# Directions
Retype the data that follows exactly. No pictures belong in the copy.

# Supplied data
╭──

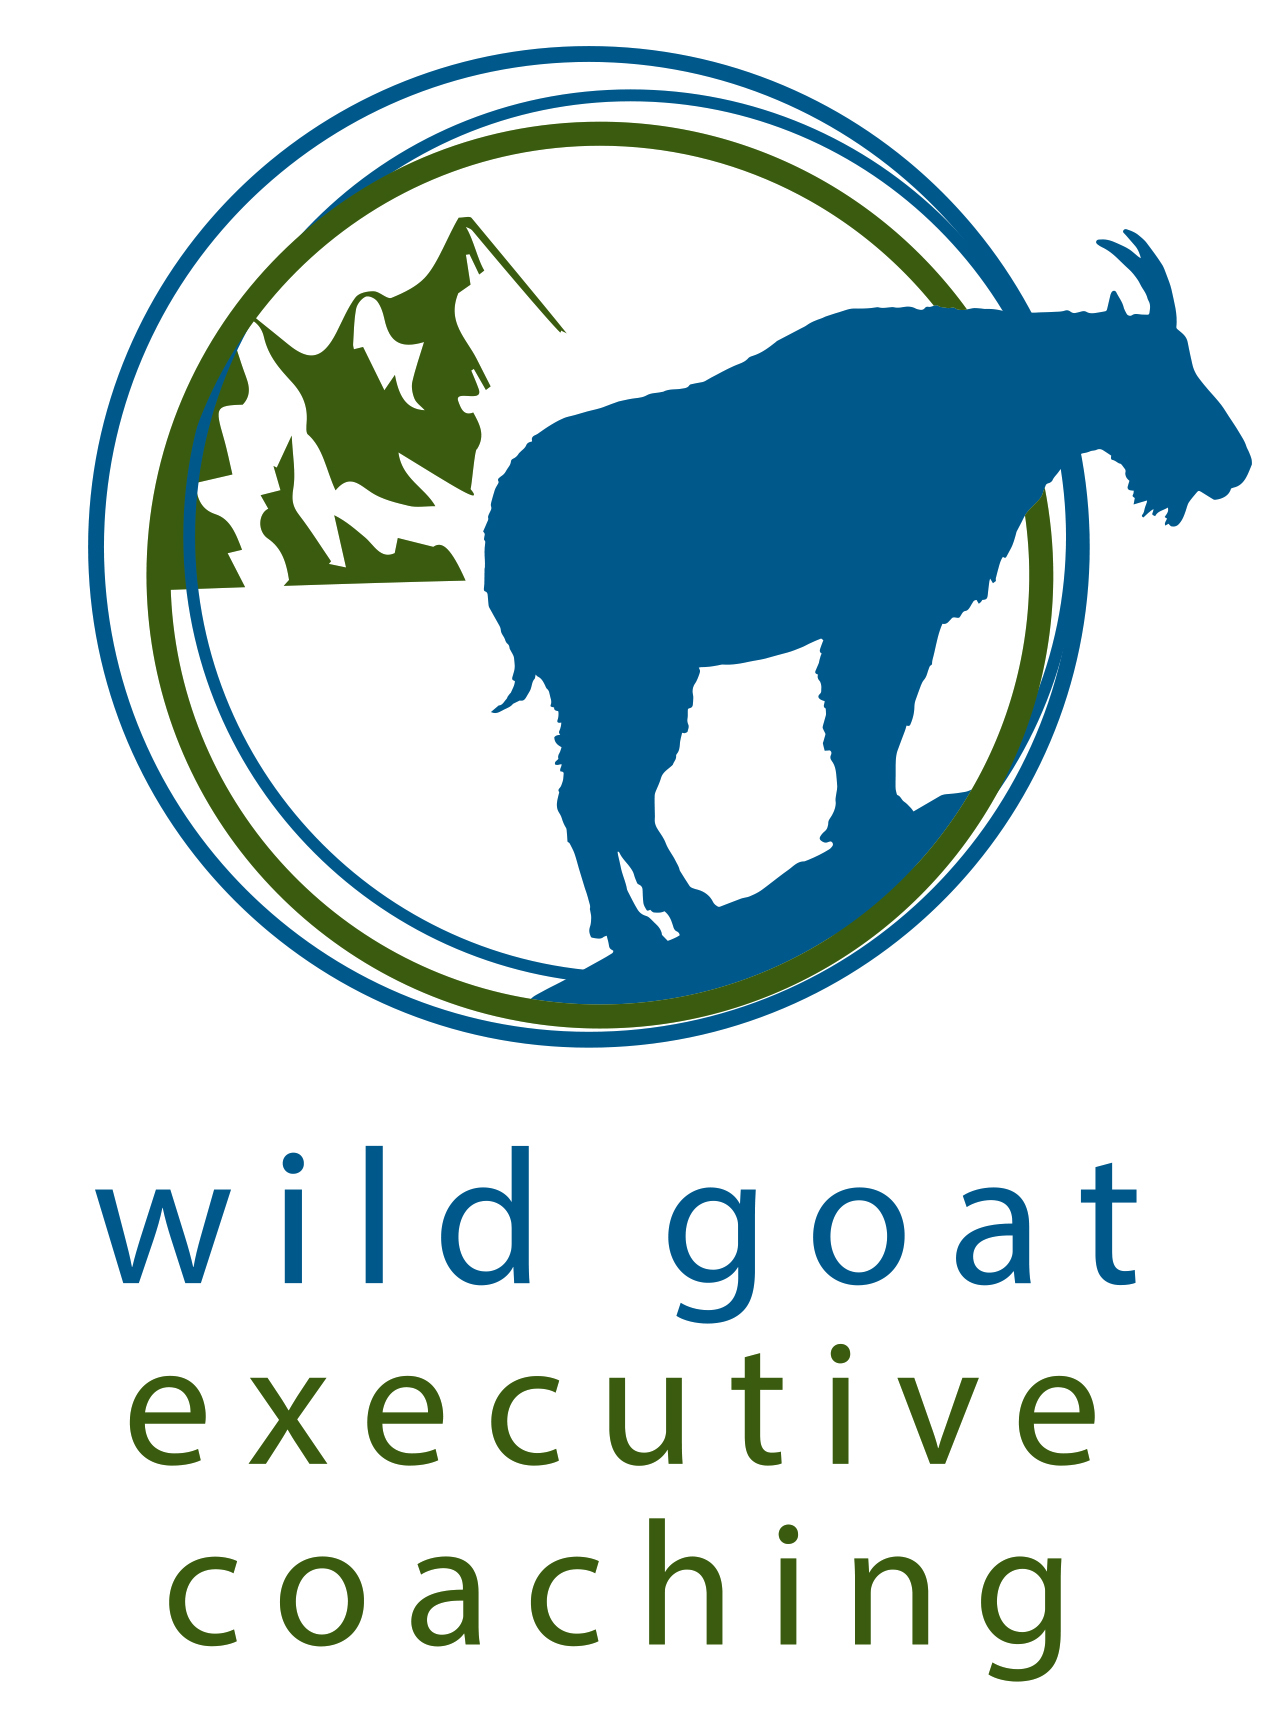 Wild Goat Executive Coaching
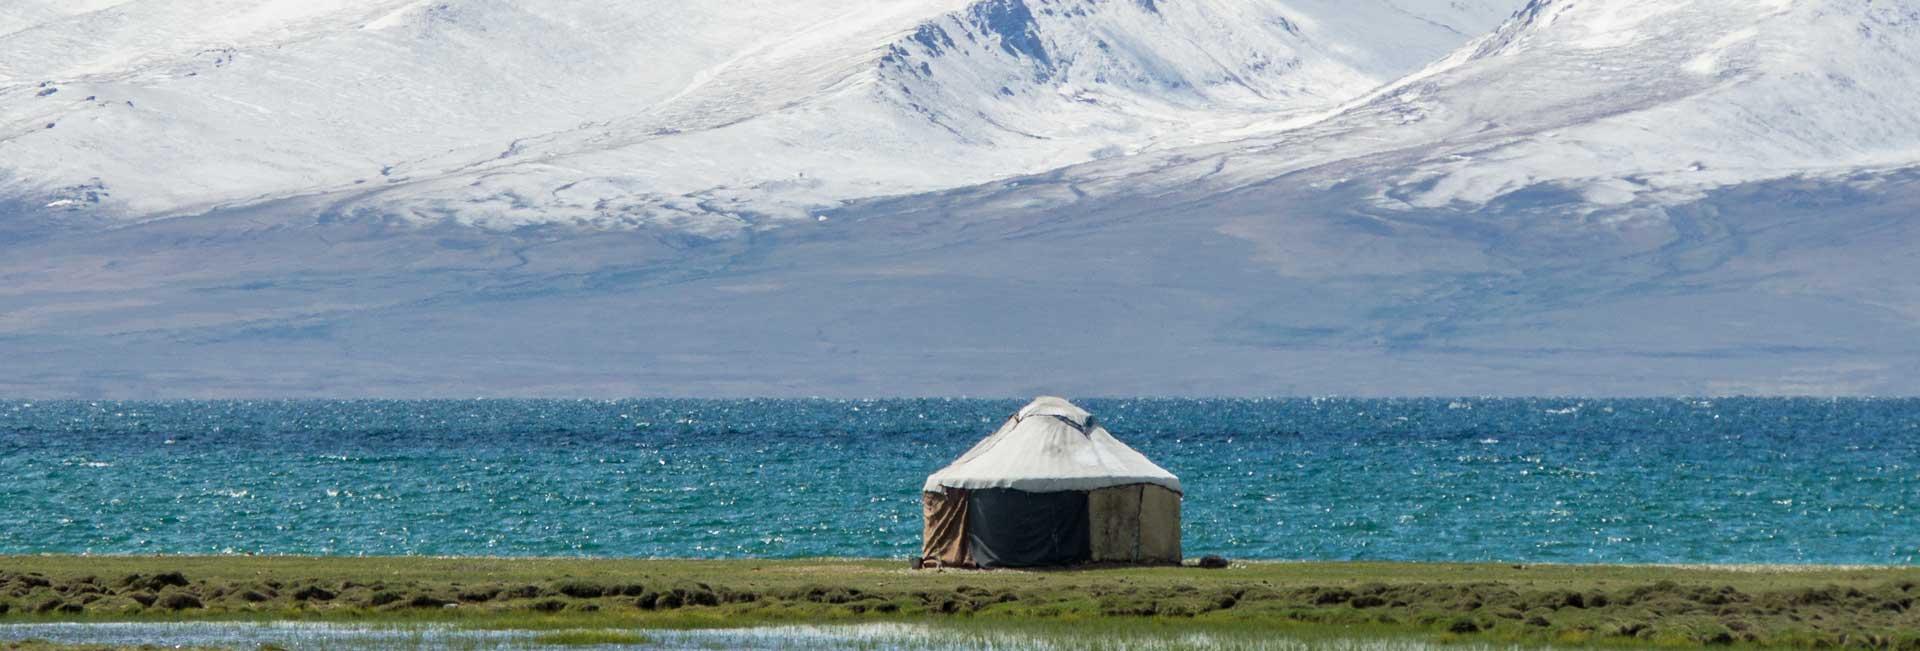 Yurt in Son Kul, Kyrgyzstan. Photo credit: Andra Artemova
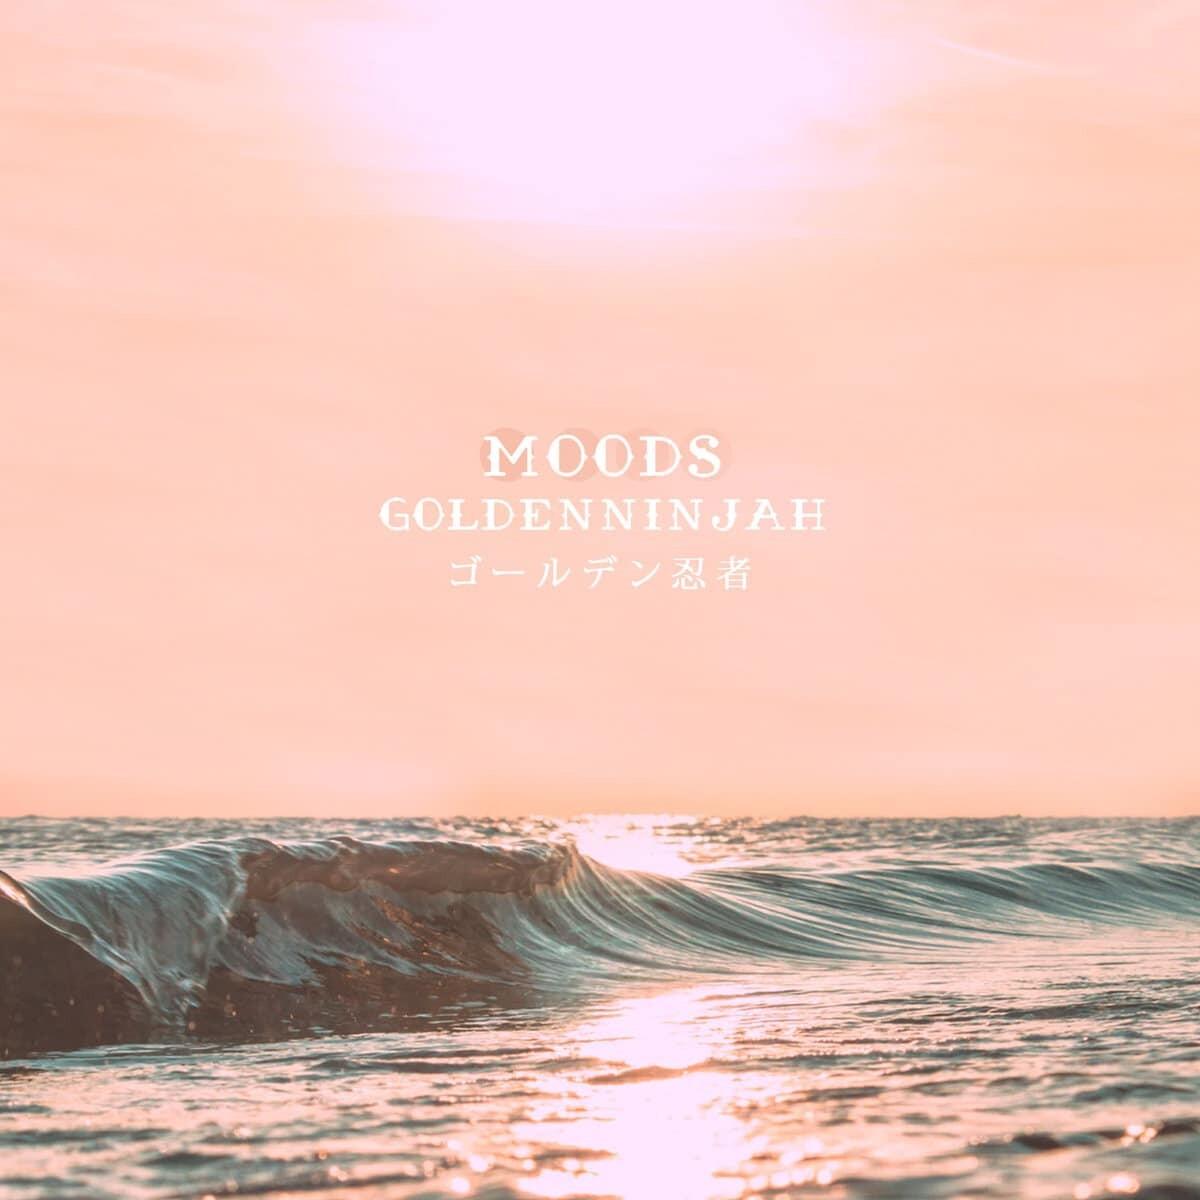 goldenninjah - Moods
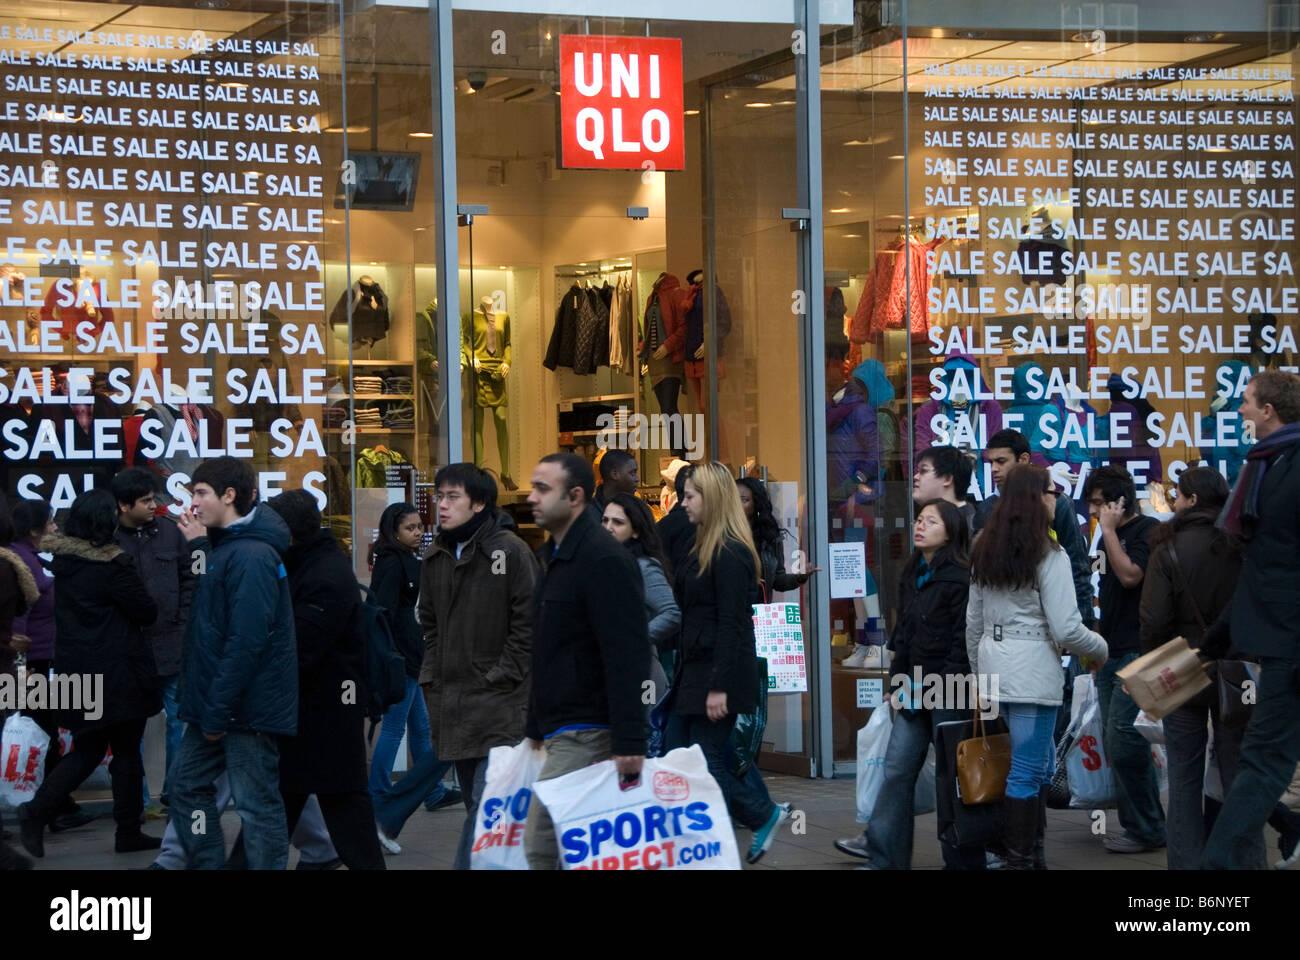 people outside uniqlo

╰──

# Worked solution
 Wild Goat Executive Coaching
 Yurt in Son Kul, Kyrgyzstan. Photo credit: Andra Artemova
 goldenninjah - Moods
 people outside uniqlo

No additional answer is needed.